**WORK REQUEST**. Transcribe the listing exactly; drop the images.

**RECORDED DATA**.
=-=-=-=-=
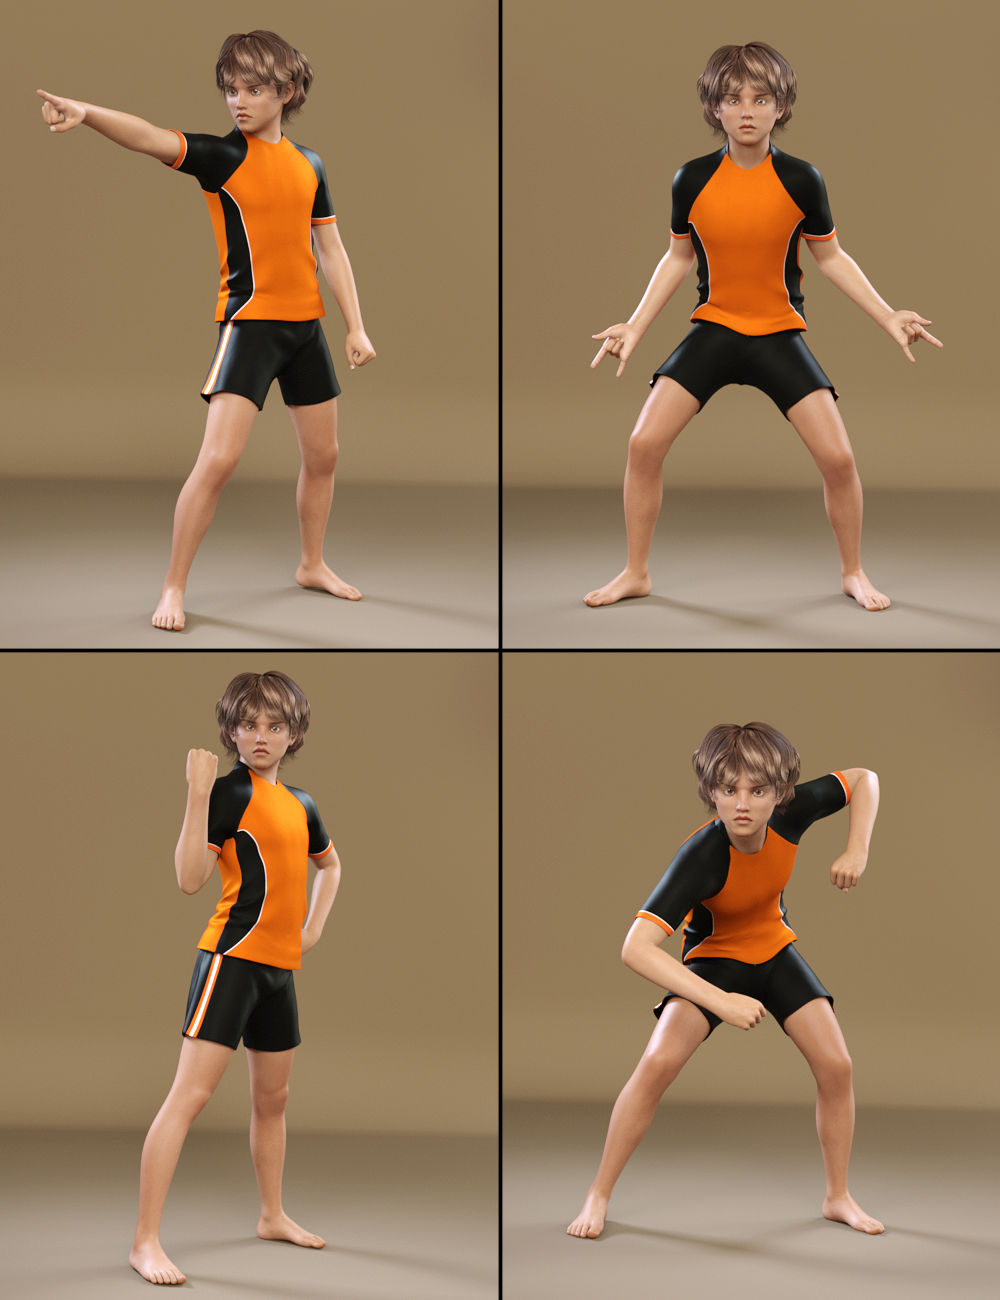 Hero Boy Poses for Tween Ryan 7 by: Val3dart, 3D Models by Daz 3D
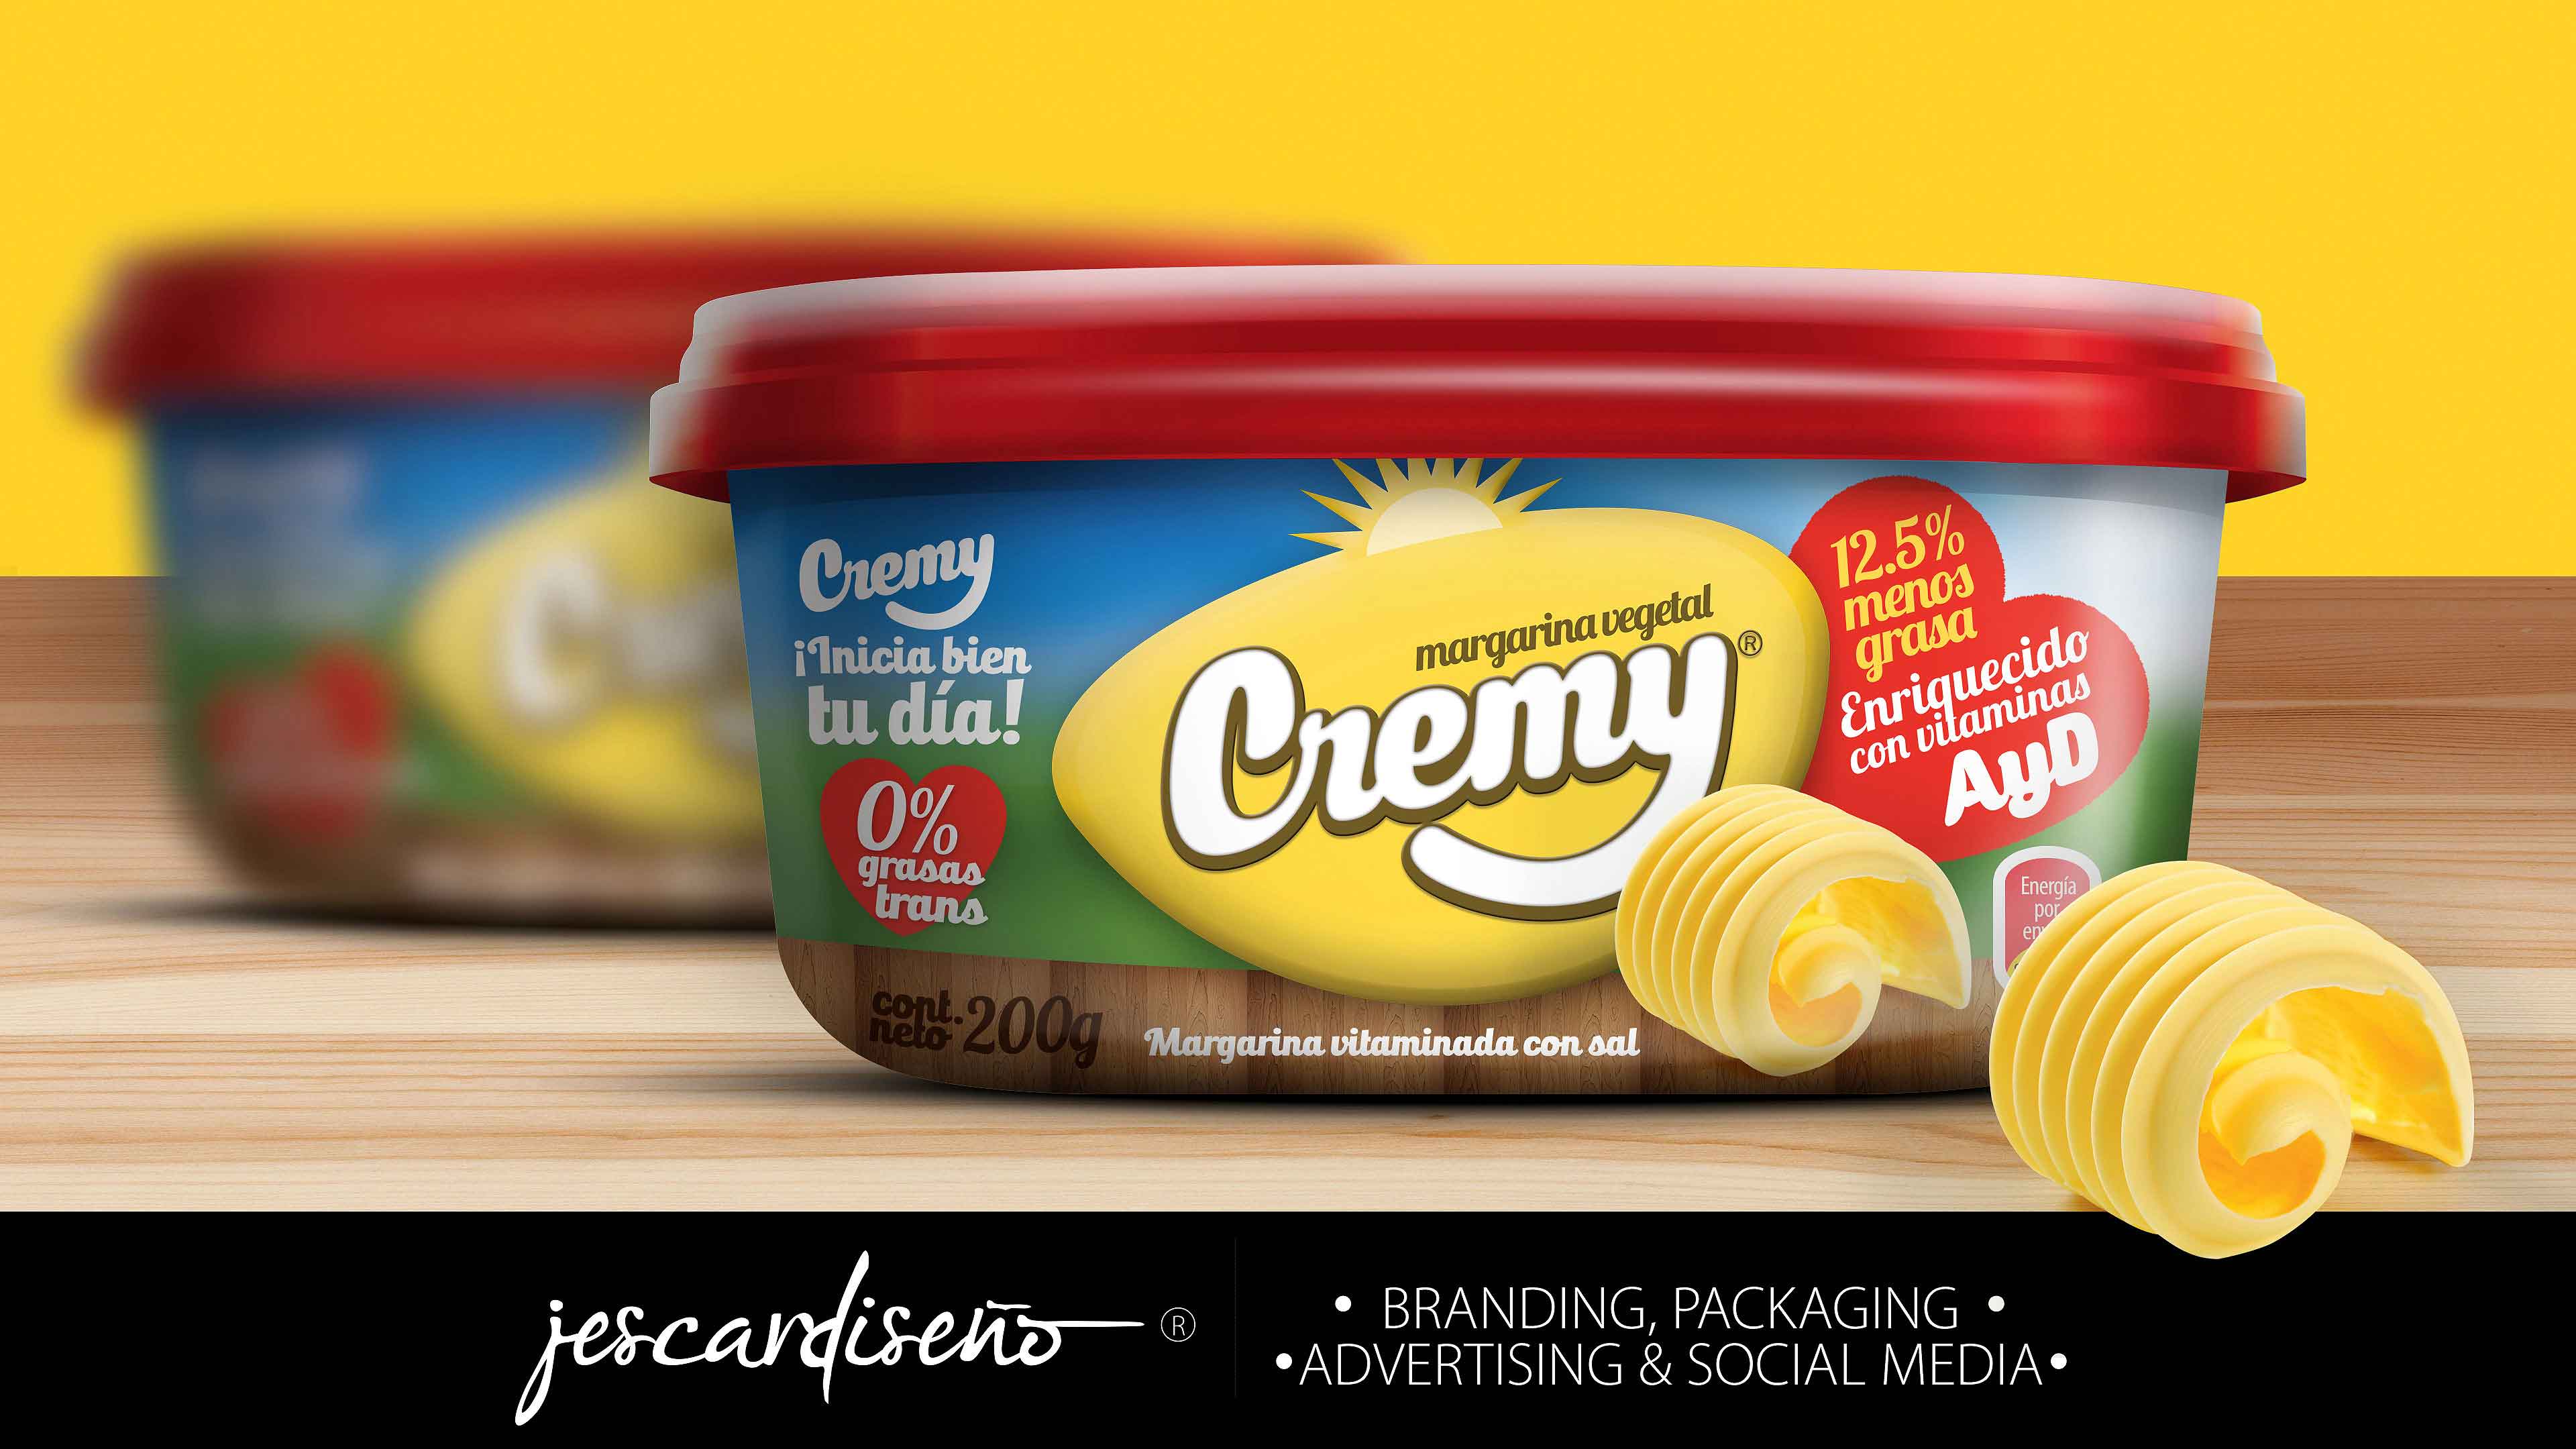 cremy packaging branding jescardiseno v3
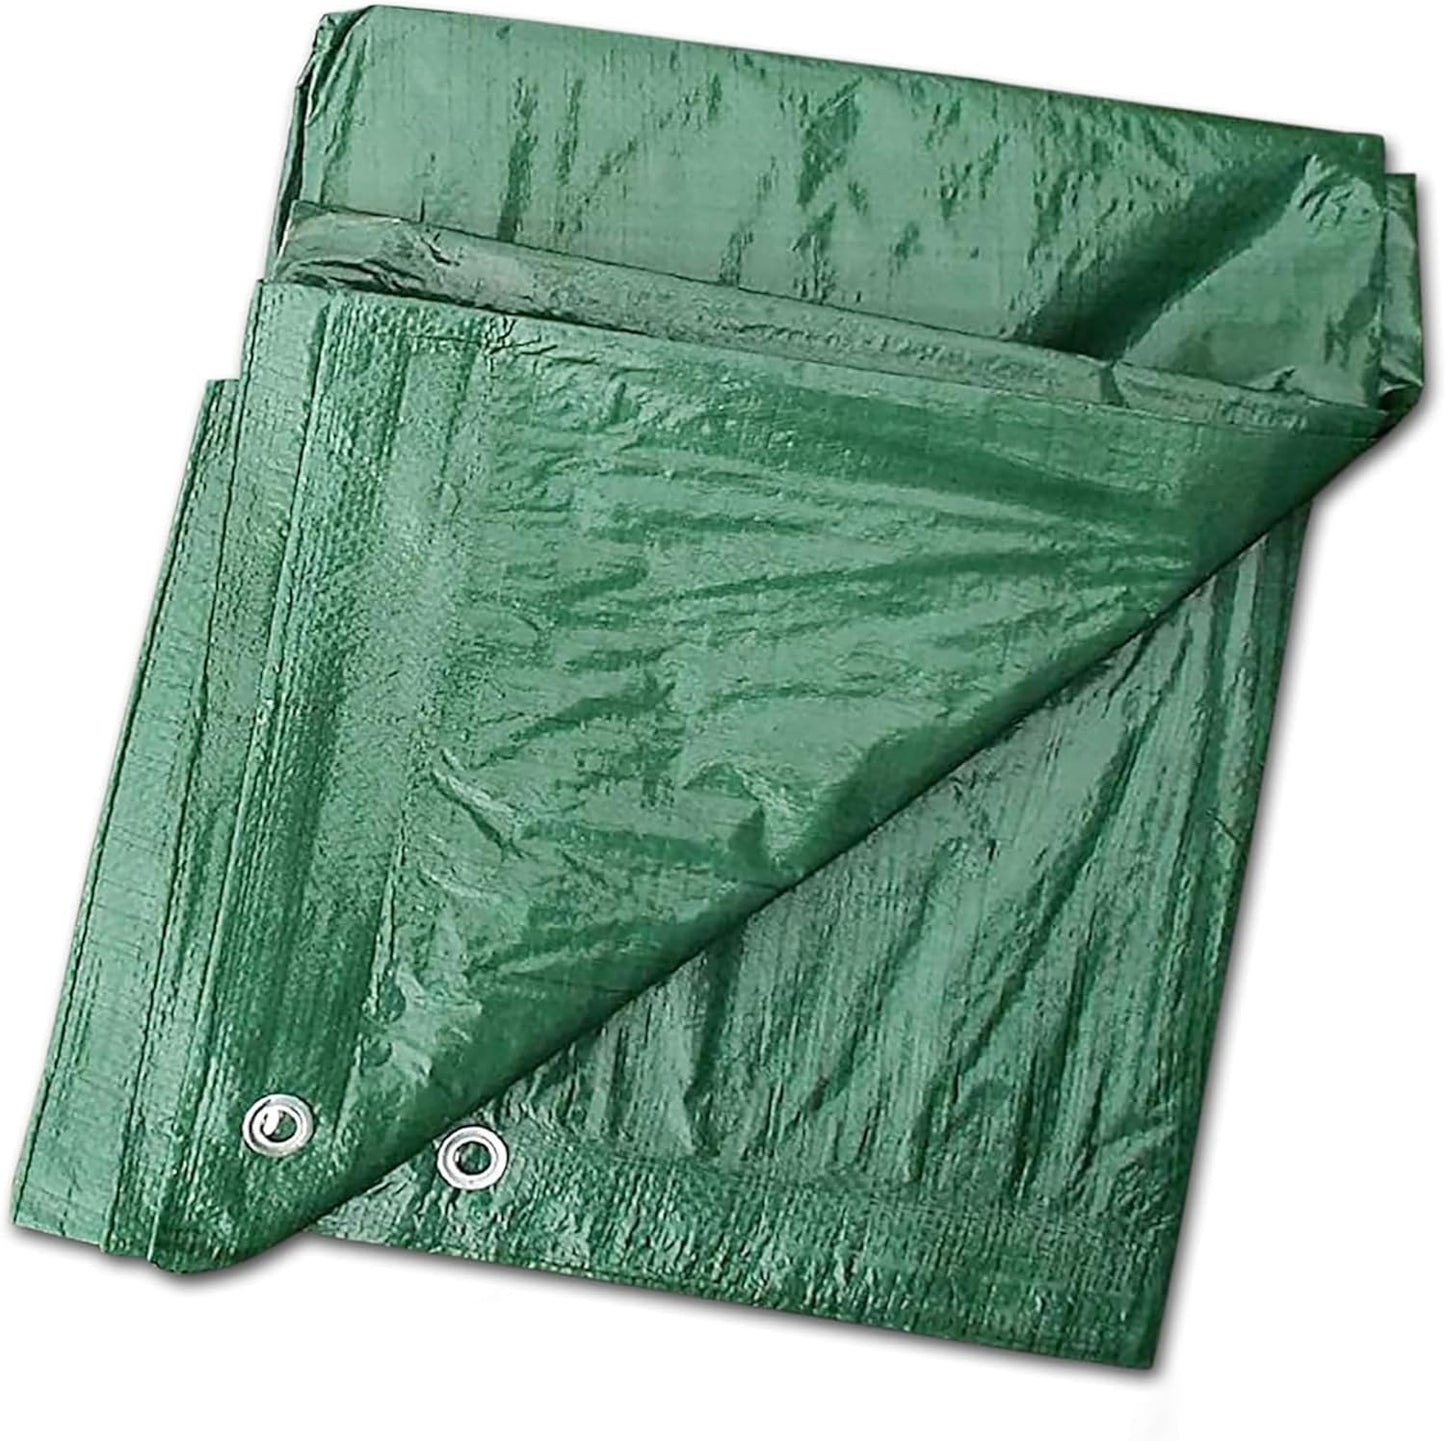 Green Tarpaulin – Heavy Duty, Waterproof Cover – Durable Sheet for Garden, Trailer, Caravan, Camping, Home, Outdoor
=-=-=-=-=
**ANSWER SECTION**.
 Hero Boy Poses for Tween Ryan 7 by: Val3dart, 3D Models by Daz 3D
 cremy packaging branding jescardiseno v3
 Green Tarpaulin – Heavy Duty, Waterproof Cover – Durable Sheet for Garden, Trailer, Caravan, Camping, Home, Outdoor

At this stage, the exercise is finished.